TakeCare ended its exclusive merger talks with FHP International and said it will talk with other potential merger partners in addition to FHP.
Concord, Calif.-based TakeCare said its board wants to discuss offers from some other companies, which it would Managed carenot name, before making any further decisions about the sale of the company.
Observers in California have said for months that TakeCare, a dominant HMO in the San Francisco Bay area, had put itself on the auction block. They said TakeCare's long-term goal apparently has been to sell the company at a profit.
The news was a blow to Orange County-based FHP, which is having trouble cracking the Northern California HMO market, analysts said.
Shares of TakeCare jumped $2.875 on Feb. 9 to $66.875 in NASDAQ trading, while FHP's stock fell $1.125 to $26.75.
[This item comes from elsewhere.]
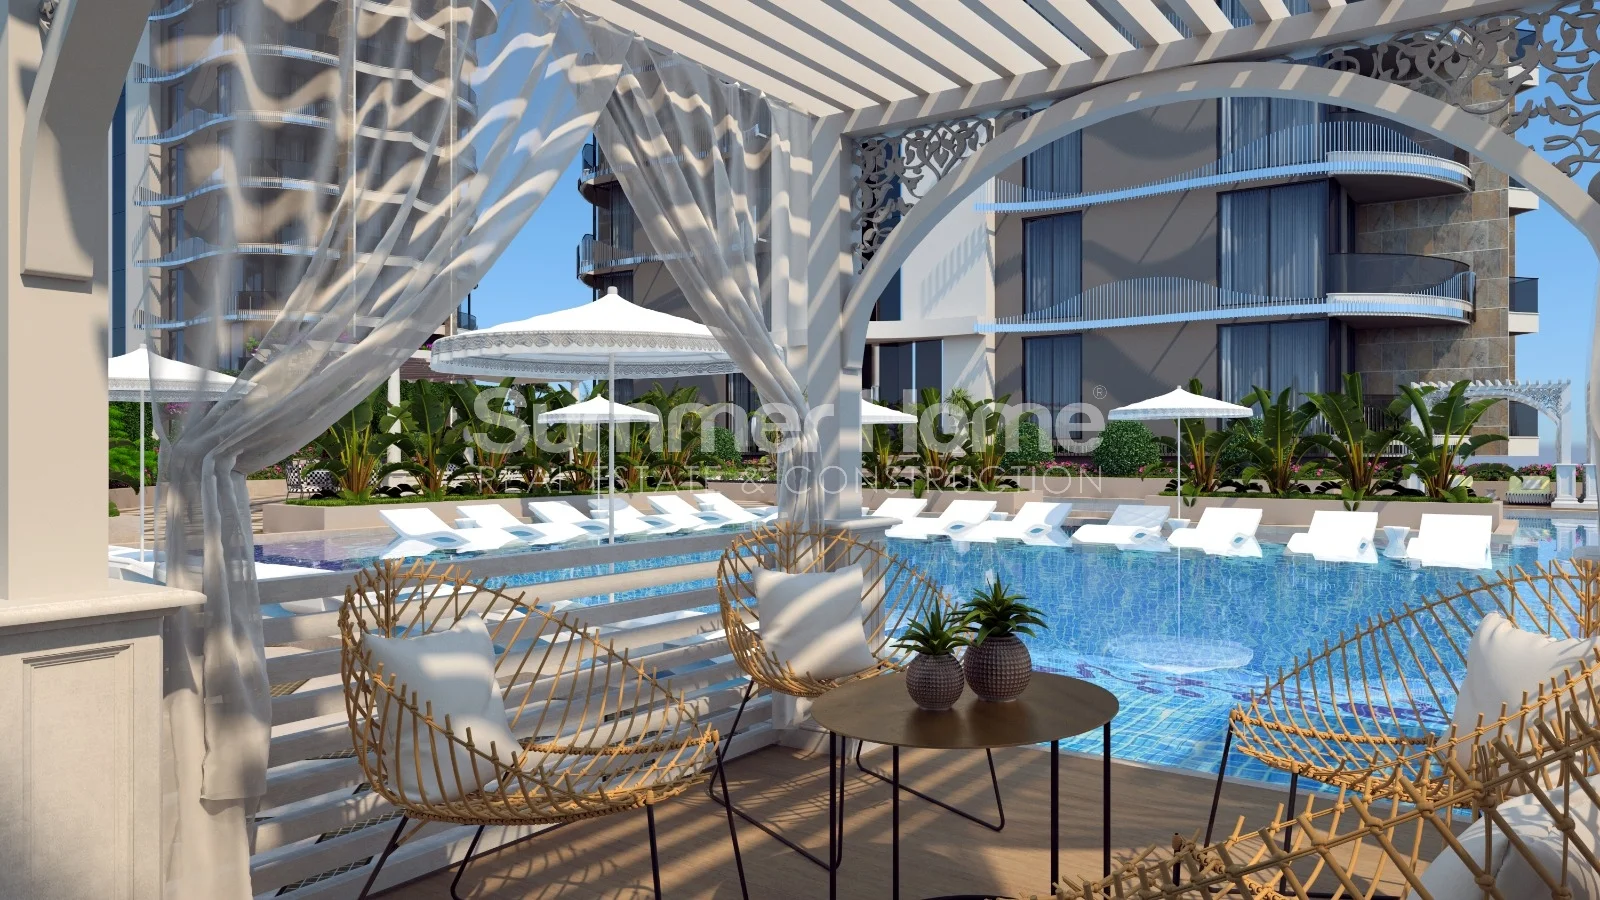 Apartamente moderne me pamje nga deti në Tosmurin e mrekullueshëm facilities - 22

On Jan. 10, FHP, Fountain Valley, Calif., said it reached an agreement in principle to merge TakeCare into a wholly owned subsidiary of FHP. FHP valued the deal at $800 million, or $62 per share of TakeCare's common stock. The deal consisted of 35% cash, 15% FHP common stock and 50% convertible preferred stock. Under the agreement, TakeCare was required to negotiate exclusively with FHP through Feb. 7 (Jan. 17, p. 14).
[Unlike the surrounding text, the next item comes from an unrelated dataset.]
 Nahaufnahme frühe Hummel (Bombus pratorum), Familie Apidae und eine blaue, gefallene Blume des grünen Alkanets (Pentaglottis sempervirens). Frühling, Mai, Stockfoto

However, on Jan. 18, a group of private shareholders associated with Pittsburgh-based Henry L. Hillman, which represents 22% of TakeCare's stock, filed suit against the company, alleging it accepted FHP's offer over a superior all-stock offer by United HealthCare Corp., a Minnetonka, Minn.-based HMO operator.
The Hillman group controls about half of the equity in TakeCare that's not publicly owned, said Peter A. Wadsworth, a New York-based investment banker representing healthcare organizations.
At the time, a majority of TakeCare's board said United's all-stock bid wasn't high enough to offset the risk when compared with FHP's bid, the company said. TakeCare said the Hillman group supported the all-stock bid because the members wanted to avoid paying a hefty capital gains tax on the investment in TakeCare, which the group acquired at an average price of 71 cents a share.
Mr. Wadsworth said many HMOs are already fully priced, which increases the risk that a suitor might pay too much for a rival health plan. Even so, many HMOs "have their pocketbooks open" for potential deals, he said.
He noted, for example, that Cypress, Calif.-based PacifiCare Health Systems recently established a $130 million revolving line of credit with Chase Manhattan Bank to finance healthcare acquisitions and investments.